I love you as farmers love rice! Rats love corn!
Q: Where does the bullet hit you without pain? Answer: Hit others. (Hey hey! )
Why should I cry for you? Don't you understand that this is about money? If the rich were not separated from me, my tears would not fall.
Why is it so dark? Because cows fly in the sky, why do cows fly? Because you are blowing on the ground.
Please stop watching, or you will regret it! Your SIM card has been locked, please contact the service provider! You won't believe me if I tell you not to look!
Dear, you are going to be a mother soon. My husband wishes you a happy Mother's Day in advance!
People are not in class, it is better to study in love, to study for the college entrance examination and to fall in love for the next generation!
Don't move, Rob! Robbery, okay? Take out your sorrow, hand over your sorrow, take out your troubles, and take off your sorrow! Replace it with a short message worth 10 yuan RMB: Happy New Year!

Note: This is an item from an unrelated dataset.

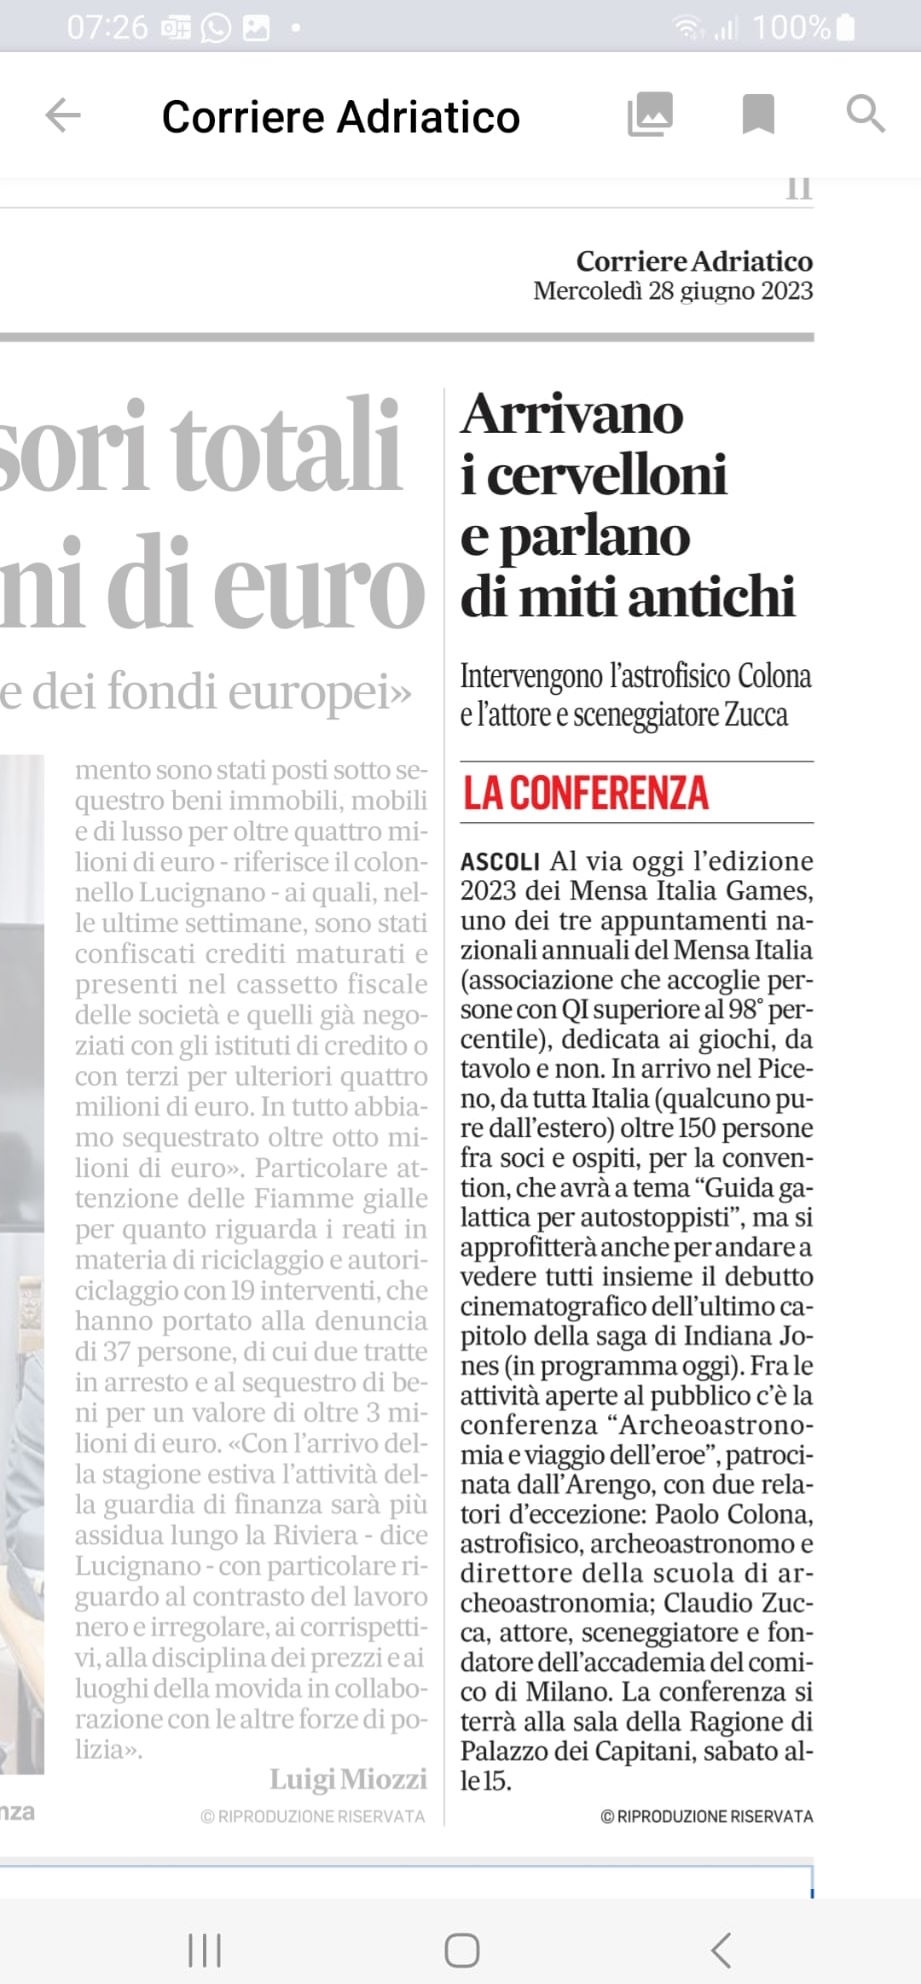 Articolo sul Corriere Adriatico

The butterfly said to the bee, you are so stingy, pretending to be full of sweet words but reluctant to give me a word. The bee said, hum, you are talking about me. You have two antennas on your head. Why didn't you send me a message?

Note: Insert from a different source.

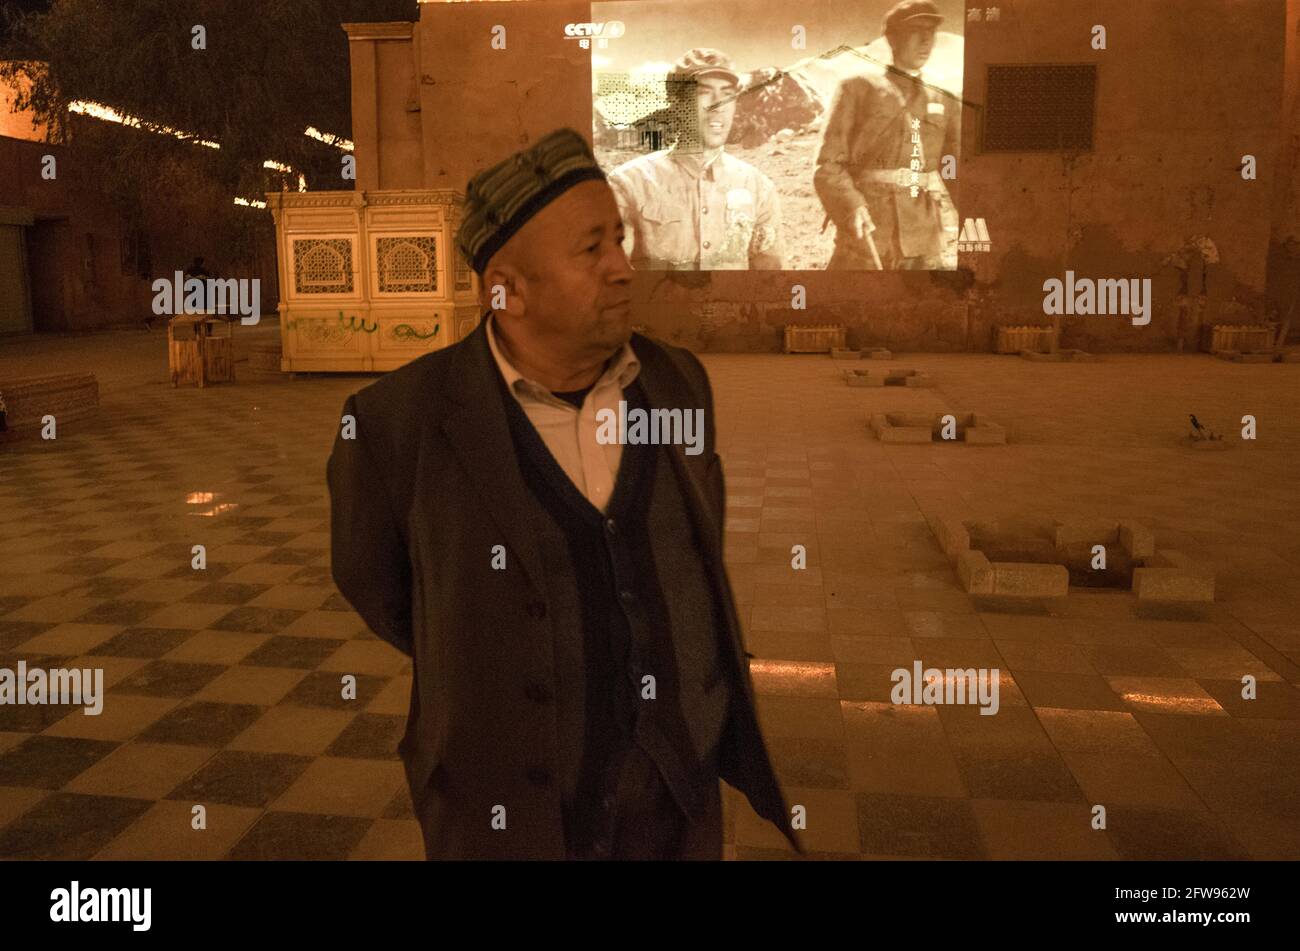 Uyhgur man au premier plan devant la caméra Alors que derrière un film noir et blanc sur les Chinois La révolution est affichée sur un écran.Kashgar 2019 Banque D'Images

I wish you: fate is like a peach blossom, fortune is like a wave, love is like a rose, life is like a happy flower, and career is like a climbing vine. Don't spend too much if you have love. If you have money, don't squander it. Give me a windfall.
Do n't move Gangland raid! Those who know me stand on the left, and those who don't know me stand on the right! Those who want to laugh stand in the middle and stare at the mobile phone! Yes! Only you! Put the phone down and put your hands on your head! Listen; Happy new year!
The bell is my greeting, the song is my blessing, the snowflake is my greeting card, the wine is my kiss and the breeze is my gift! It's all for you. Happy new year! Happy new year!
The gods release snowflakes to make you forget your troubles, and the cold wind closes the window to make you feel warm; I send my best wishes for a smoother coming year and a happy New Year's Day in advance!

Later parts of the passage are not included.